Написанное мной я так прочла:
вздор и шедевр ― равны, в них нет ошибок.
Не знаю, был ли мне ниспослан дар
иль, мной наскучив, он меня покинул?
Шесть дней не вовсе тщетны. Не тогда ль,
в обмен на жизнь, сбылась его погибель?
Шесть дней иль все ― не велика беда.
«Брожу ли я вдоль улицъ…» ― вот что важно.

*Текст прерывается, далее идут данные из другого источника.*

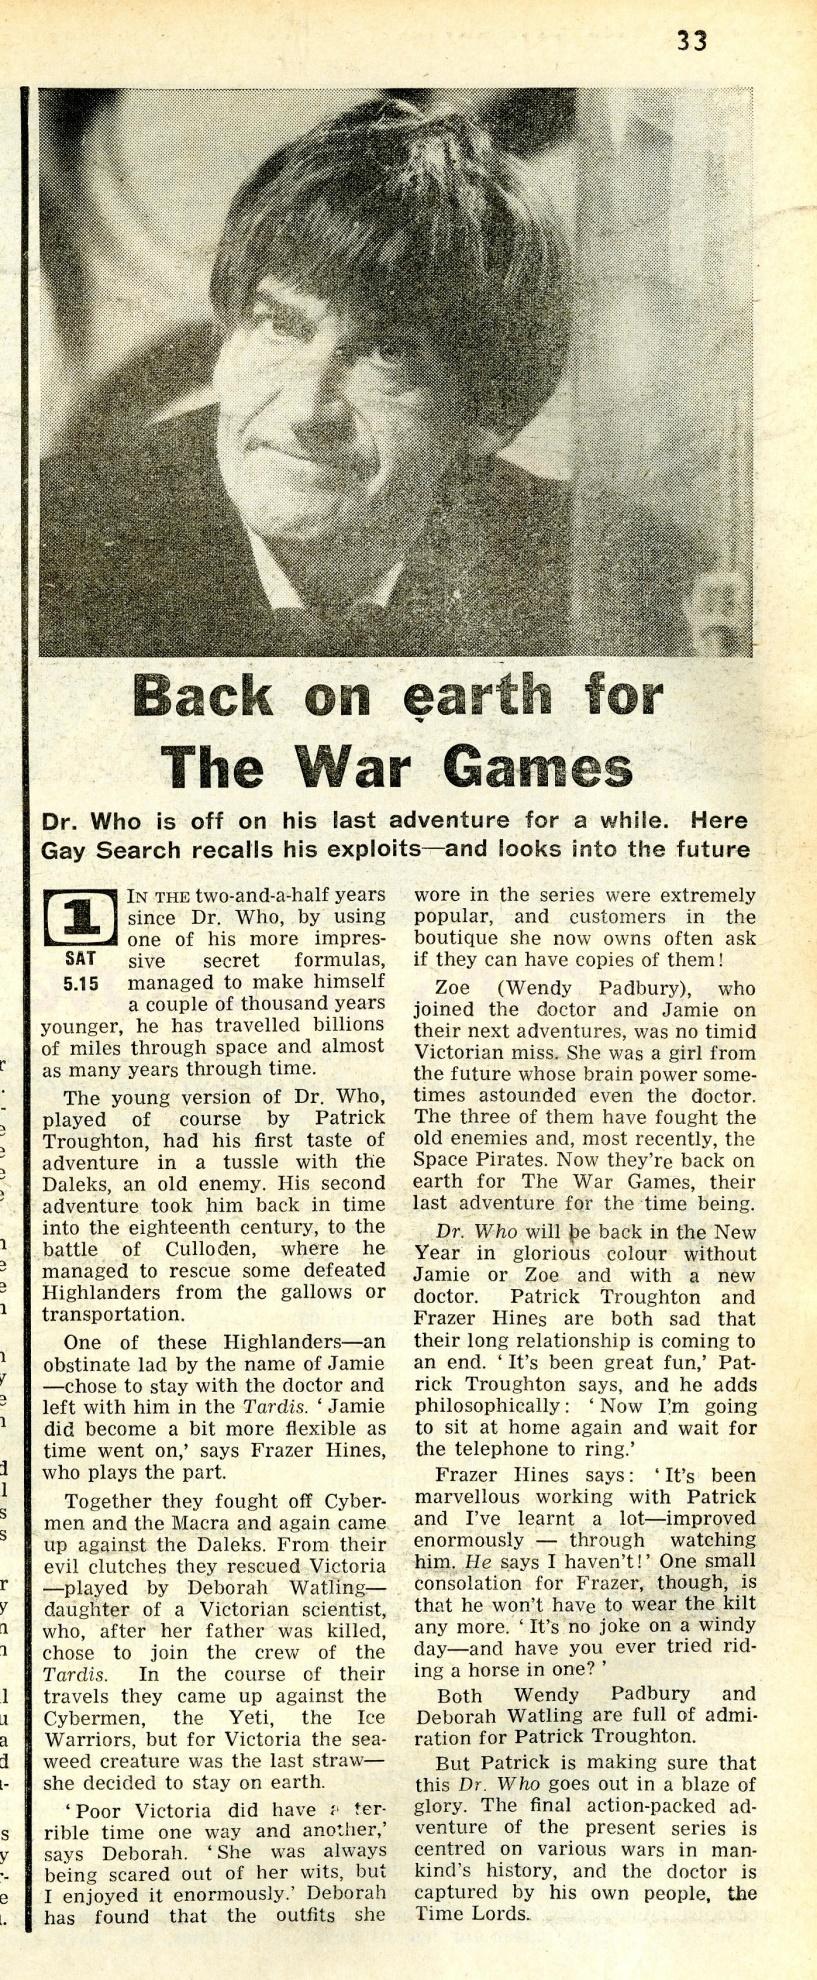 Radio Times, 19-25 April 1969

Или:«… Дорога не скажу куда…» ―
как доблестно, как нежно, как отважно.
Один, одна ― мертвы, а всё царят.
Я ожила, а слово опочило.
Мой дар иссяк, но есть дары цитат.
Нашлись для точки место и причина.
……………………..
Урок: покуда длятся жизнь и лист,
оставь простор, угодный многоточью.
Начало и конец стихов сошлись.
Вот что случилось нынешнею ночью.
Когда над мыслью о скончанье дней
угрюмая посмеивалась тайна,
в мою палату, стен её бледней,
вошла, рыдая, санитарка Таня.
Её в реанимацию послал
профессор, и Татьяна побежала.
Врачи молчали на своих постах,
а на своём ― покойница лежала.
Её в снегу прохожие нашли.
Из тех, сказали, что живут в подвале.
Лишь Боговы и более ничьи,
её черты, младея, остывали.
Без имени, без документов, без
всего, что мучит или греет тело,
приемля ламп потусторонний блеск,
она хладела, а лицо светлело.
На миг очнулась молодость лица ―
такое ль прячут в общую могилу,
с каким она в недальние леса
девчонкою ходила по малину?
Но вскоре возраст знанья обо всём
приостановит выраженье лика.
Да и была ли благодать лесов?
Алела ль переспелая малина?
Горючесть очевидицы росла,
но в описанье точном не ошиблась.
Особенно Татьяну потрясла
волос ещё живая беззащитность.
Давно ль они курчавились, вились
и обольщали взоры танцплощадки?
Мечта иль мысль, молись, склонись, винись
пред жизнью, чьи угодья беспощадны.
Не милостива к пришлецам Москва.
К той, во снегу уснувшей, ― и подавно.
Ей не дано узнать, что есть места
лютей и холодней её подвала.
Зато ― там все свободны, все равны.
Вот обрести приют надёжный способ.
Там все так высоко умудрены,
что их никто и ни о чём не спросит.
Врачи привыкли, что сегодня мёртв
кто жил вчера и танцевал когда-то.
Звонили в морг. Ответил бодрый морг,
что не свободна ни одна каталка.
Всё плакала любимица моя,
Татьяна, проживающая в Кимрах.
К себе призвавший ту, что умерла,
вдруг Ты меня упас, но и покинул?
Душа усопшей, в Твой возмывши верх,
не примет ли живучесть за кощунство?
Её чело запечатлело свет,
как будто перст любви его коснулся.
Впервые, может быть, и навсегда
её забота чья-то приласкала.
Какого городка или села
изгнанница в Москве судьбу искала
и там нашла, где я найти могла?
Не мне ли предназначенное место
ей довелось занять взамен меня ―
безвестно, безымянно, незаметно?
Никто не изнывал, не горевал,
ни причитаний не было, ни крика.
Освободившей от себя подвал
открылось то, что от меня сокрыто.
Кто мудр, но жив, ― тот не вполне мудрец.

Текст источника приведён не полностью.